I can’t forget you so don’t forget me so that we may meet again
and see each other with that feeling in heart.
The Following Text Is Quoted:
Originally Posted by Wind
No matter how hard I try, you're right there with a smile that could kill a person with a single glance.
I wanted to say I'm sorry yet the words never quite came when I saw you; more like I wanted to hide my guilt with sad jokes and games. The more I struggled, the more you tried to come close. Yet I decided to depart so I could know your beautiful face would stay until I started crying over the mistake I had made and wanted you back in my life.
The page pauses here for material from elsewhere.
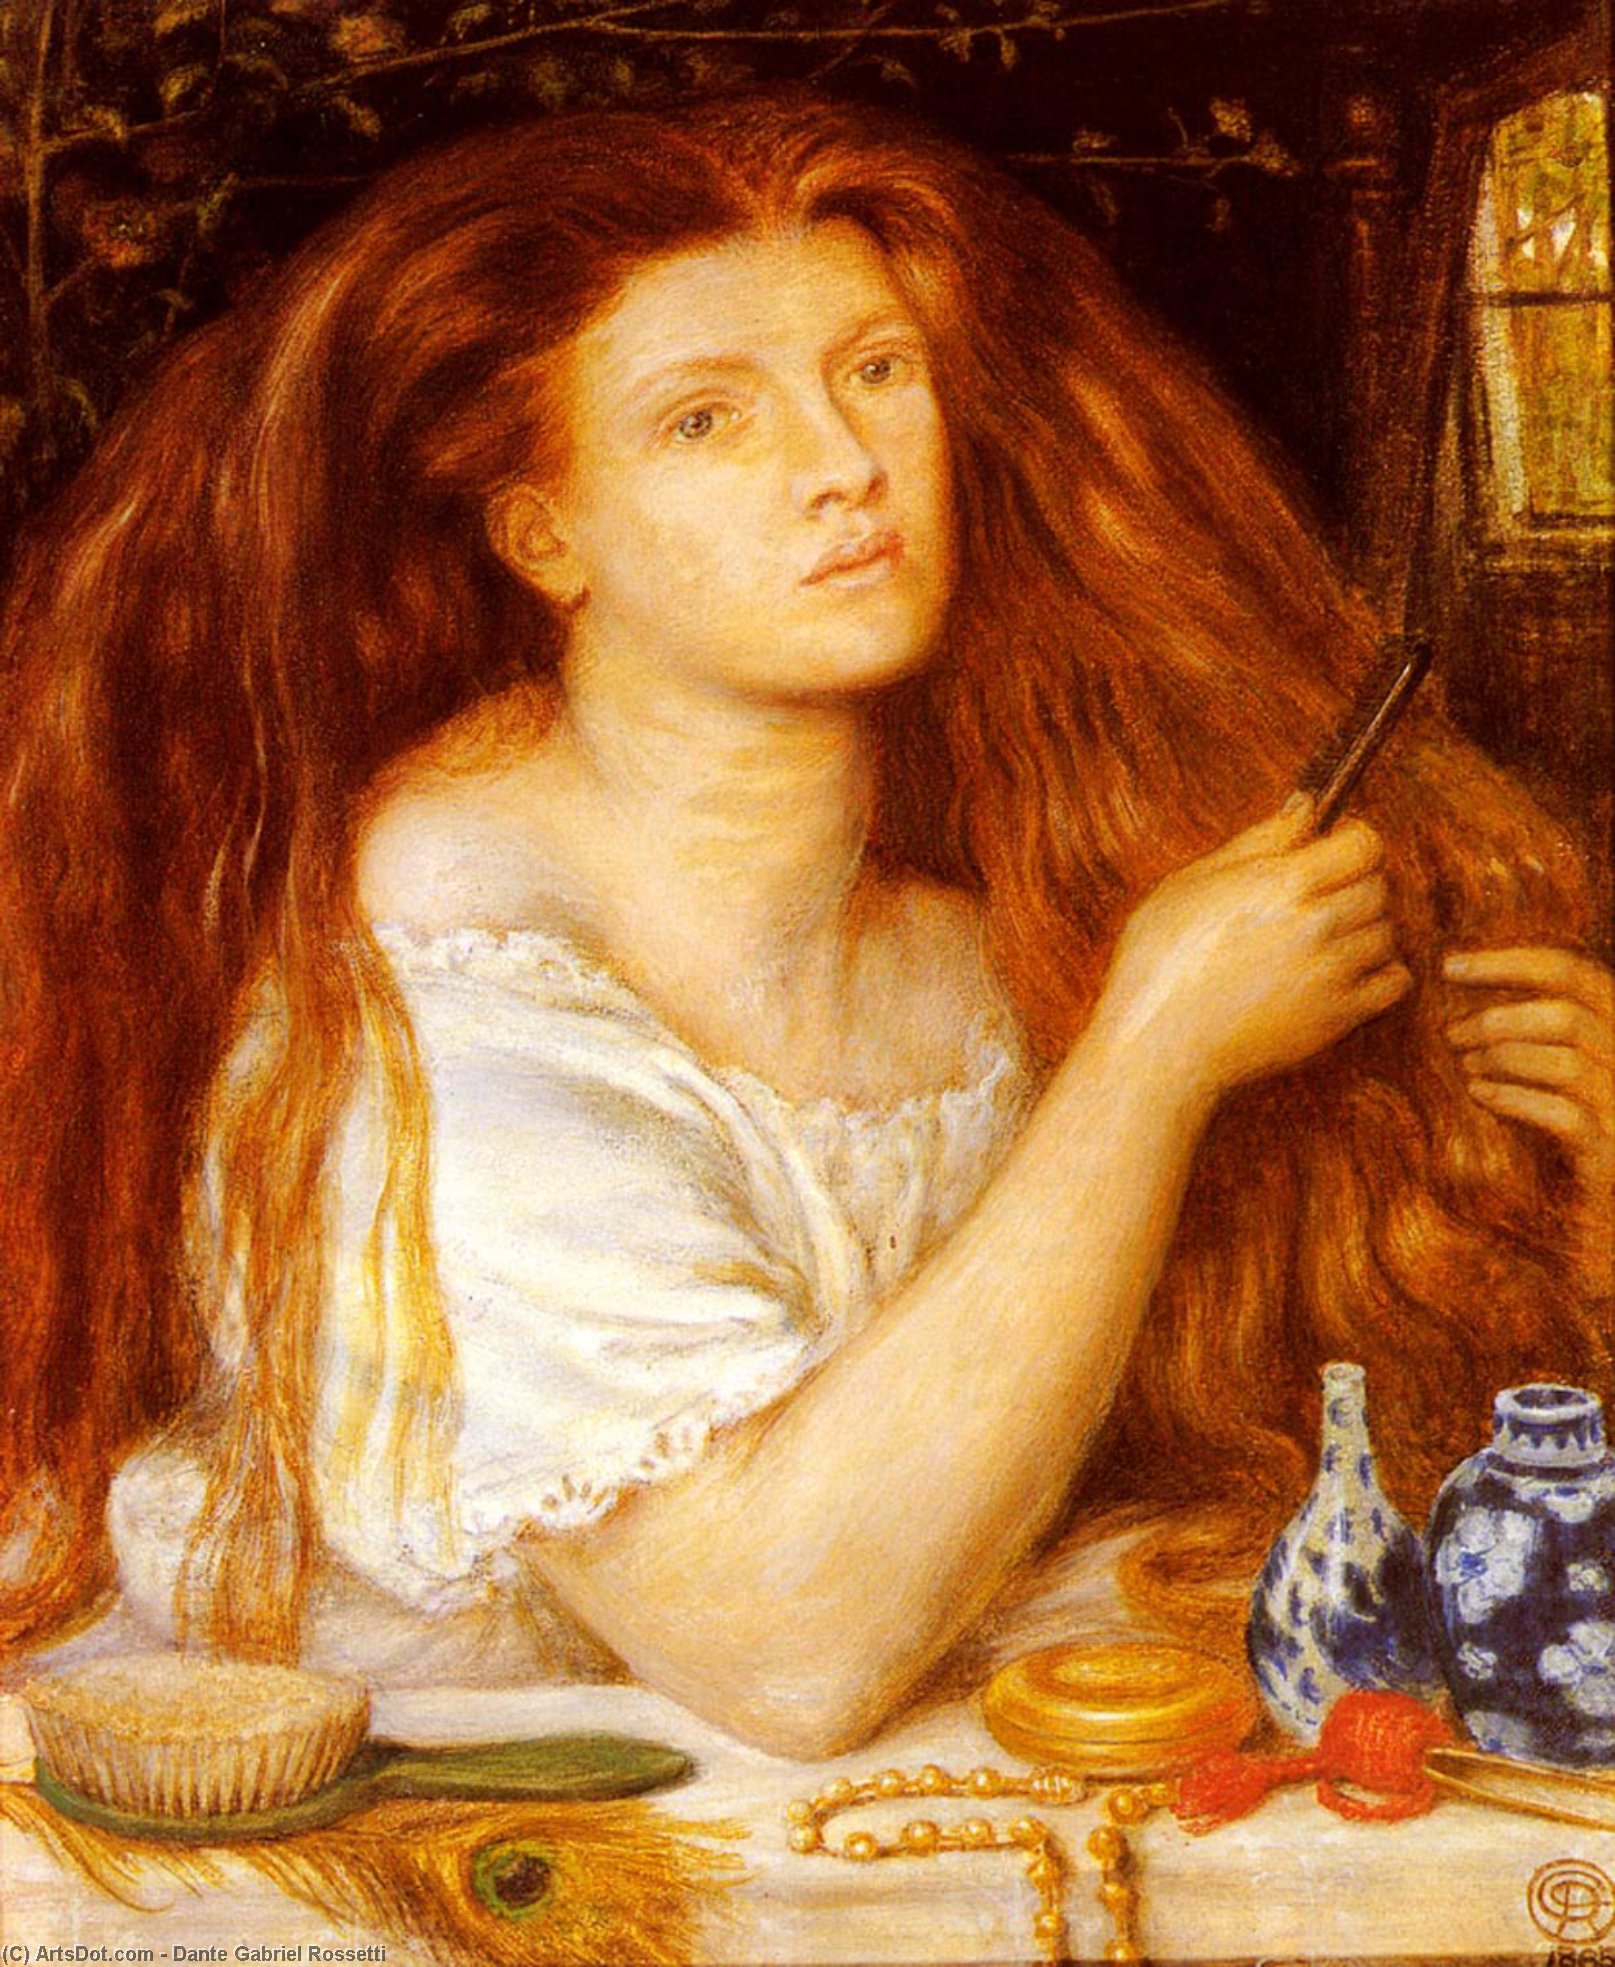 WikiOO.org - אנציקלופדיה לאמנויות יפות - ציור, יצירות אמנות Dante Gabriel Rossetti - Woman Combing Her Hair
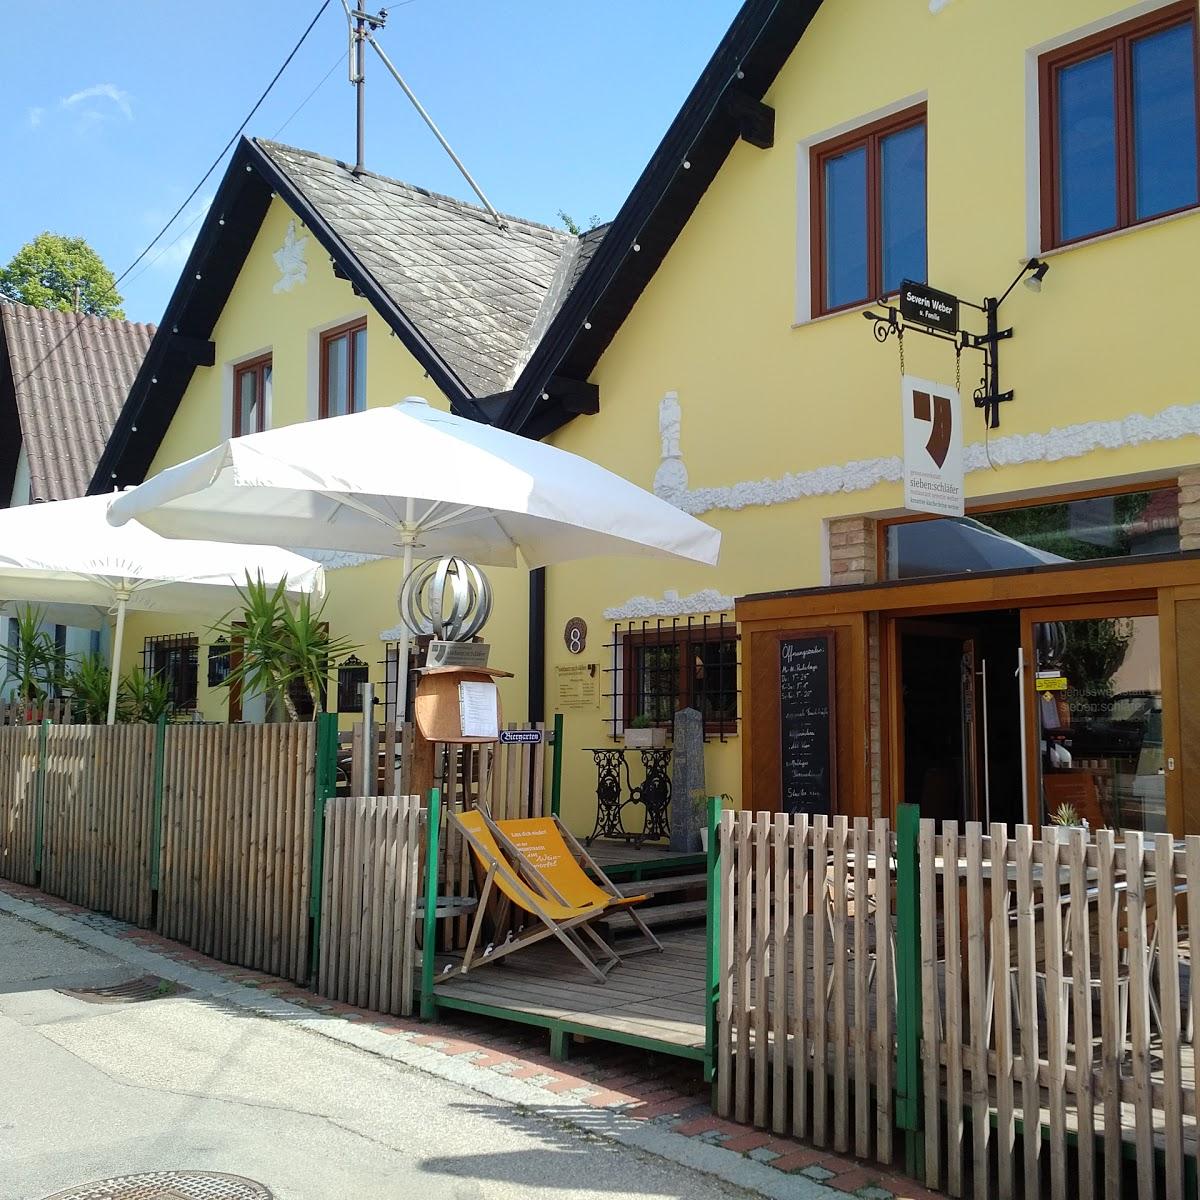 Restaurant "sieben:schläfer genusswerkstatt" in Falkenstein bei Poysdorf

Though I have no regrets, I do reflect on everything and wonder what I could have done to change them. Don’t let me go yet I will struggle because it hurts to feel these feelings that I have. I want to crush them for they seem unnatural yet they come so sweetly.
I can’t forget you so pleasedon’t forget me for we may meet again and see each other with that feeling in our hearts.
Such an emotional write! Was this a romance broken by mistakes or by death? You're reflectly on what might been given the opportunity for change. Would you let me know if I've interpreted this correctly?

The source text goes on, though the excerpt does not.